───── DATA BELOW
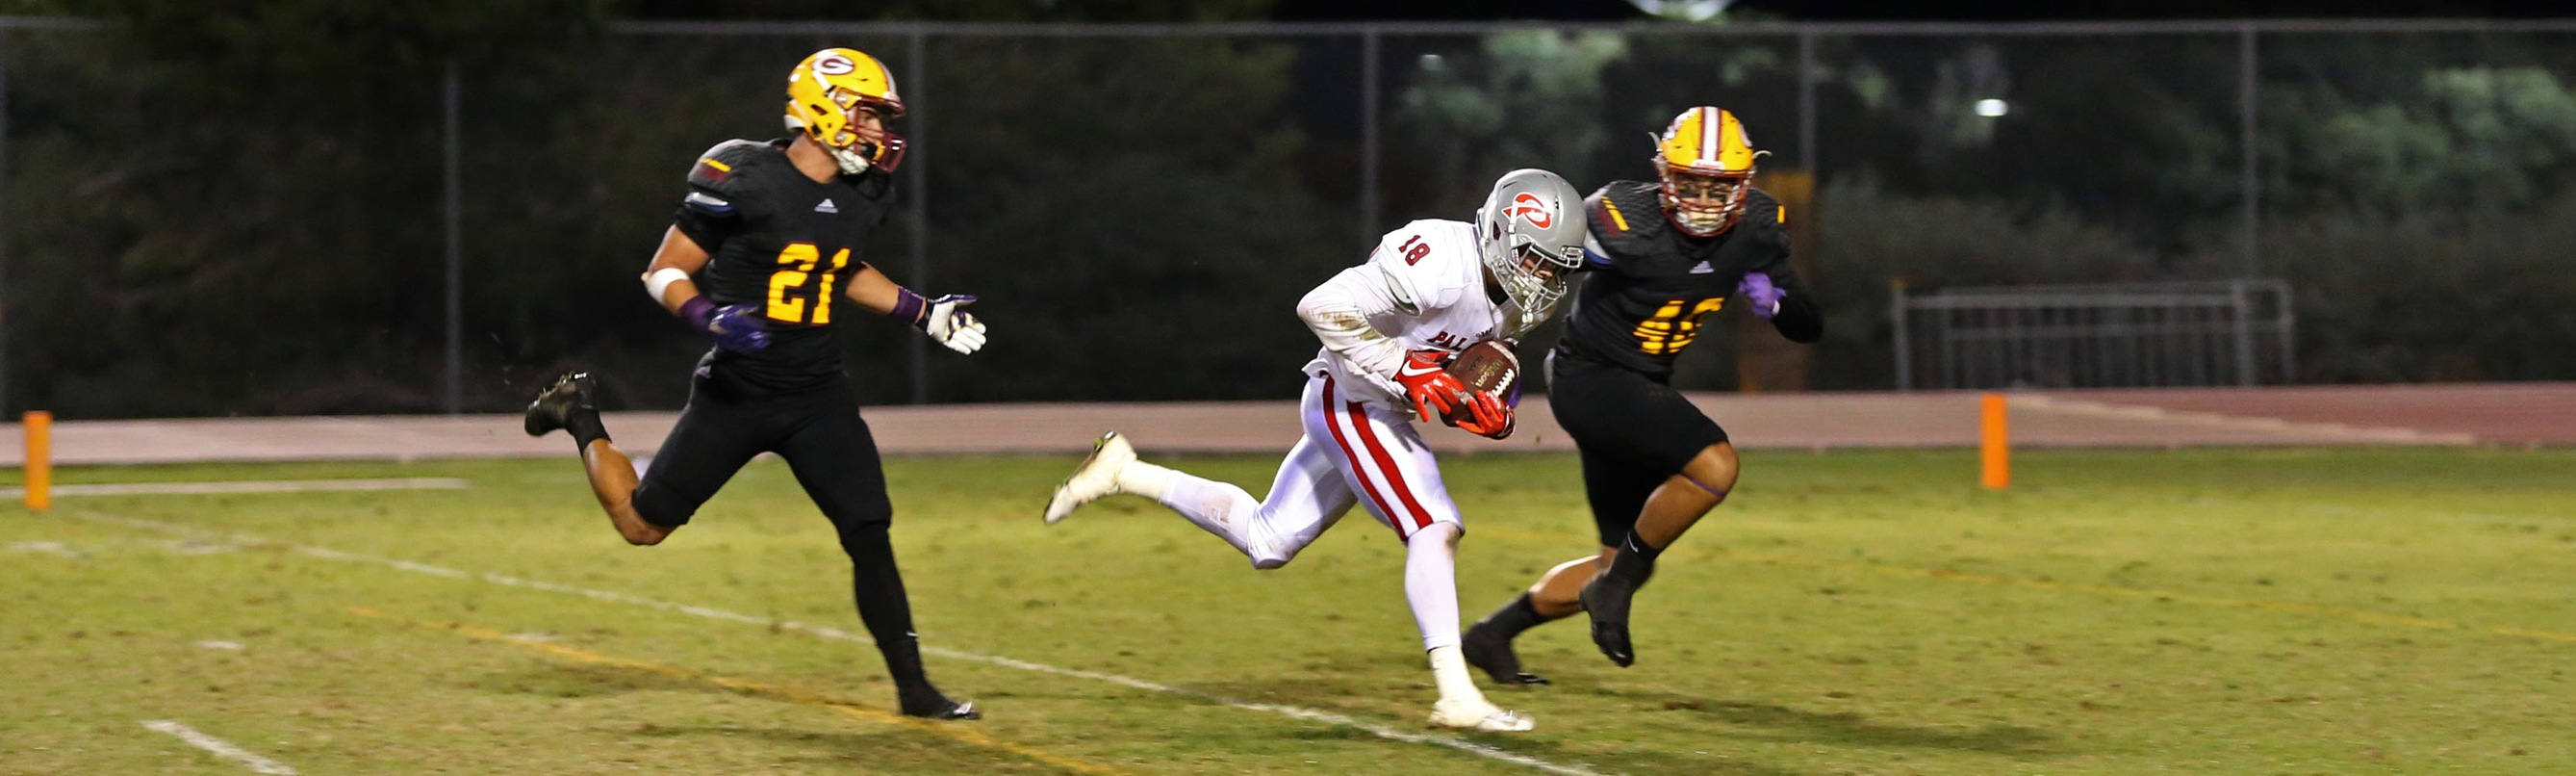 Chris Grimes races between two Saddleback defenders for a receiving TD. -- Photo by Hugh Cox
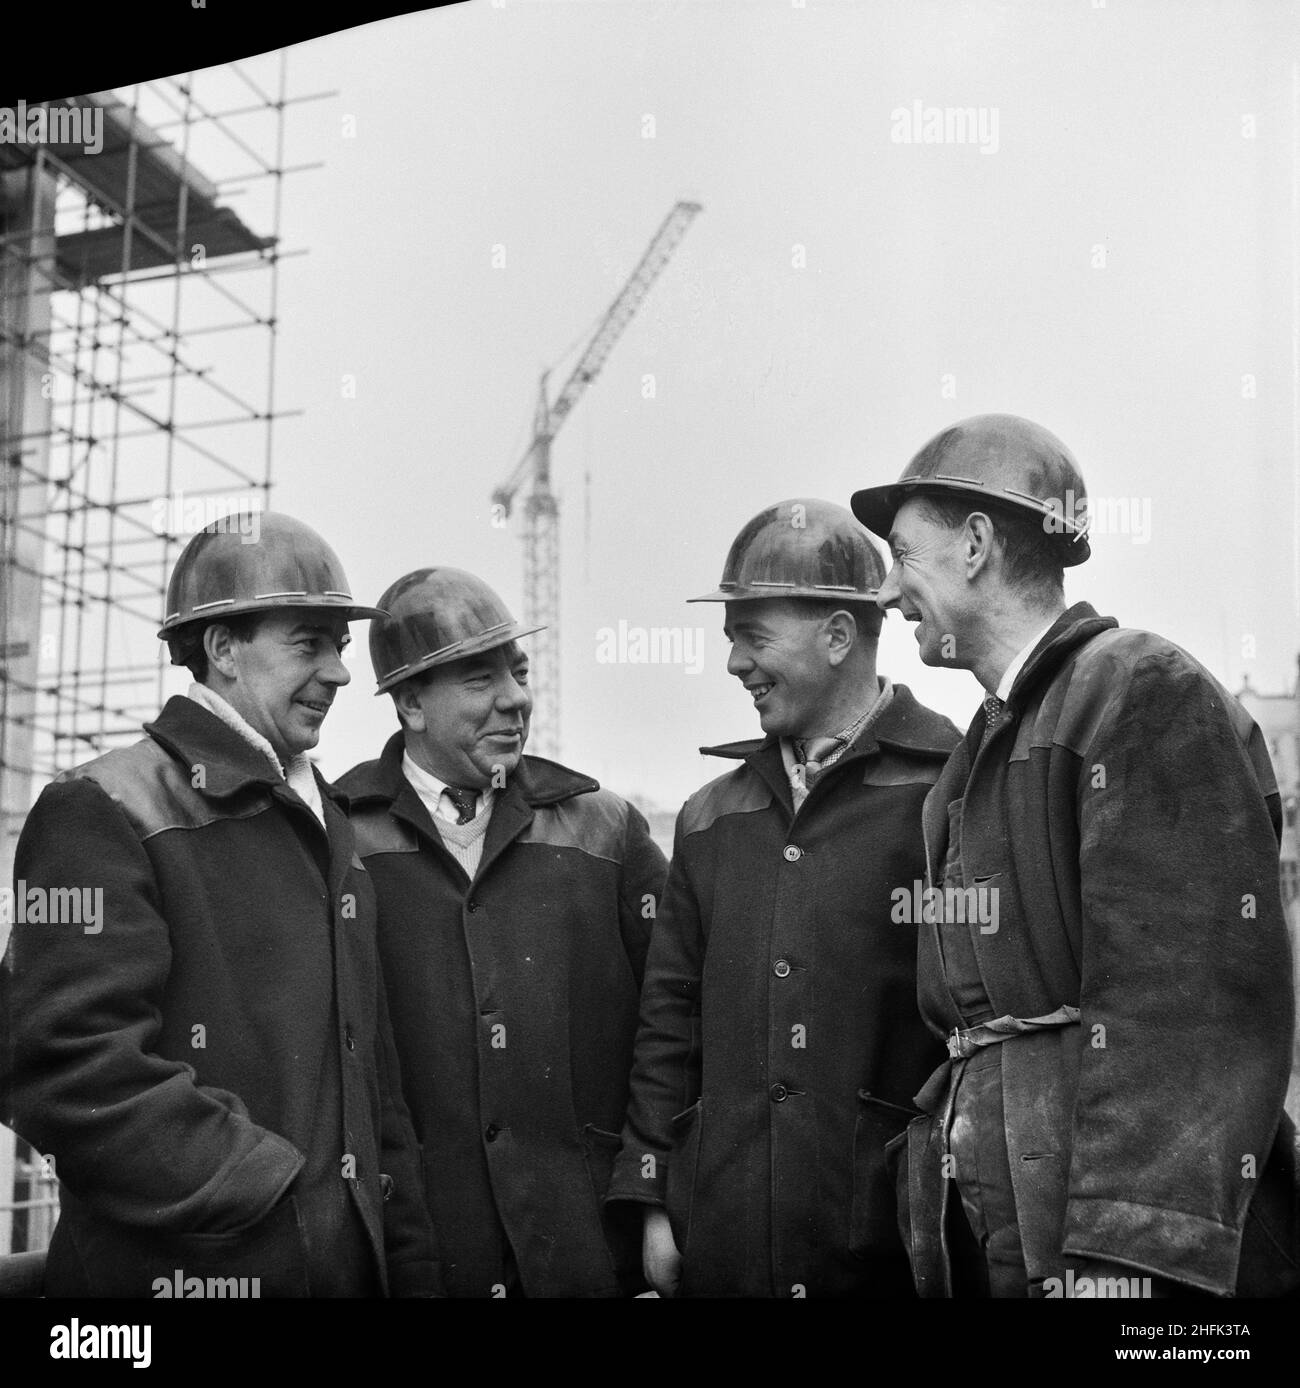 Paternoster Square, City of London, 15/01/1963. Four workmen employed on the construction of the Paternoster development. Photographs of these four workers were published in the February 1963 issue of Laing's monthly newsletter, Team Spirit. From left to right: G Otley, concreting ganger; J White, foreman joiner; P Enright, walking ganger; R Coxhead, carpenter/joiner.Work on the Paternoster development was carried out in a joint venture by John Laing Construction Limited, Trollope and Colls Limited, and George Wimpey and Company Limited. The scheme involved the redevelopment of a seven acre si Stock Photo
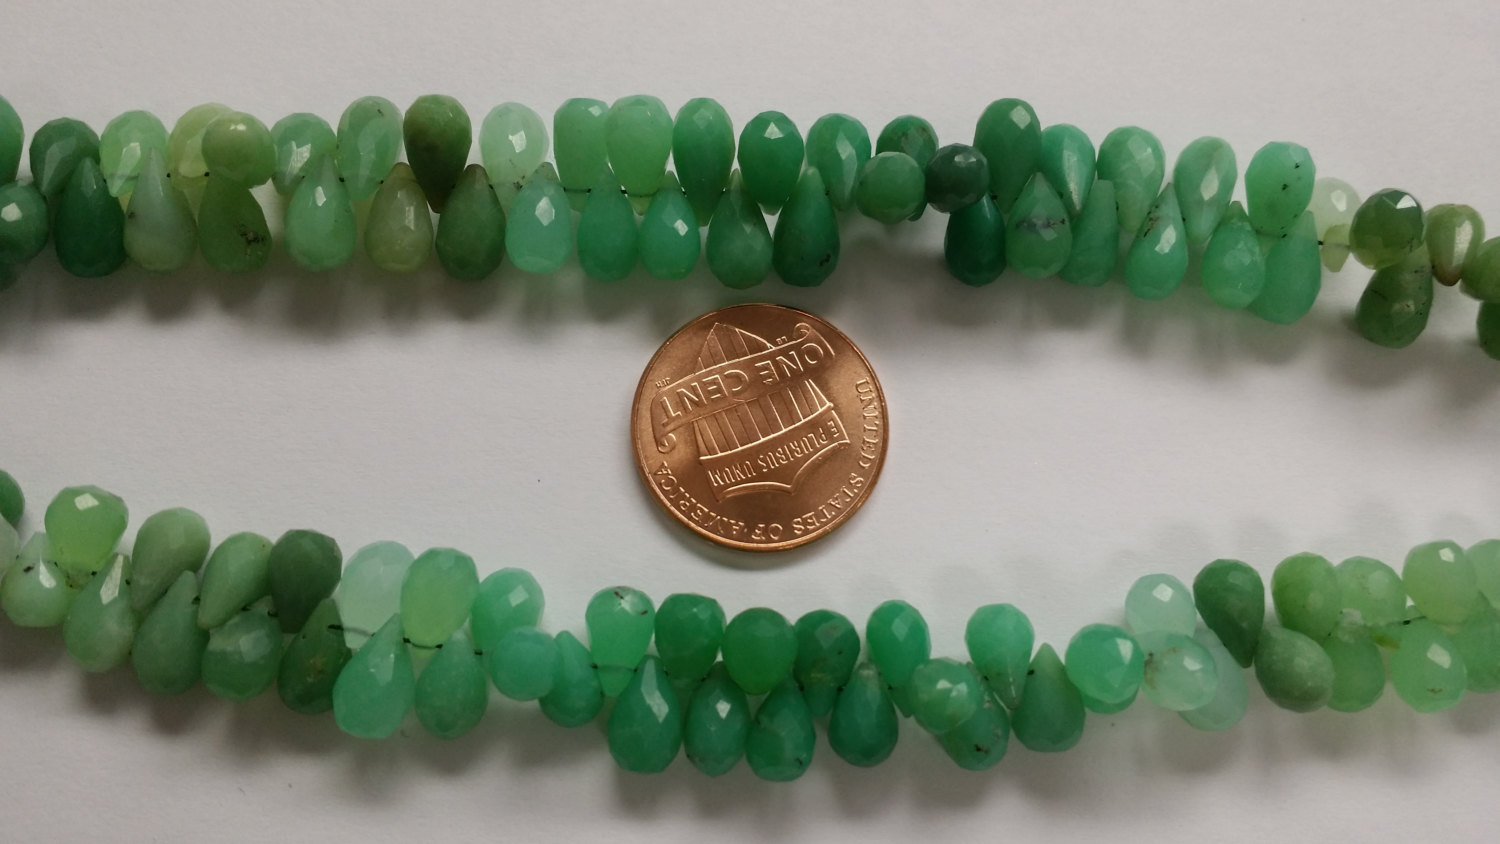 Chrysoprase Drops Faceted
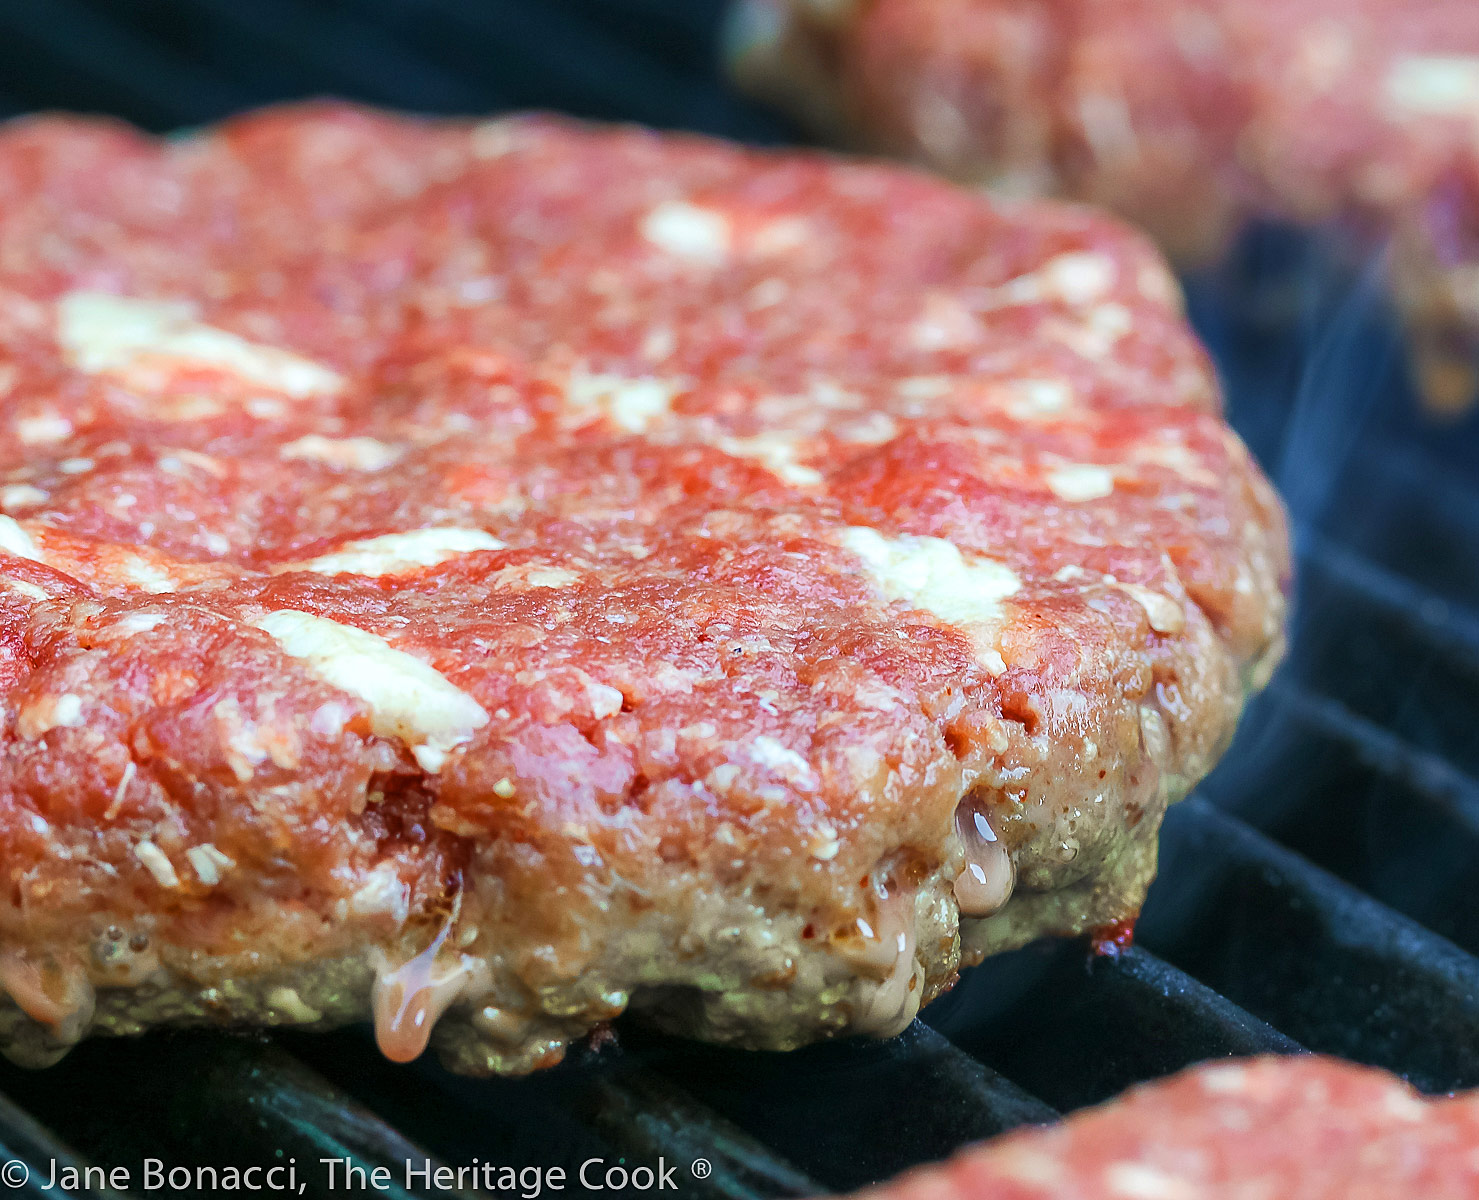 Hamburger patty cooking on the grill, showing the pieces of bacon fat.
──────────
__AIM OF THE EXERCISE__.
In copying the listing, reproduce each line exactly and omit the pictures.

__RESULT__.
 Chris Grimes races between two Saddleback defenders for a receiving TD. -- Photo by Hugh Cox
 Paternoster Square, City of London, 15/01/1963. Four workmen employed on the construction of the Paternoster development. Photographs of these four workers were published in the February 1963 issue of Laing's monthly newsletter, Team Spirit. From left to right: G Otley, concreting ganger; J White, foreman joiner; P Enright, walking ganger; R Coxhead, carpenter/joiner.Work on the Paternoster development was carried out in a joint venture by John Laing Construction Limited, Trollope and Colls Limited, and George Wimpey and Company Limited. The scheme involved the redevelopment of a seven acre si Stock Photo
 Chrysoprase Drops Faceted
 Hamburger patty cooking on the grill, showing the pieces of bacon fat.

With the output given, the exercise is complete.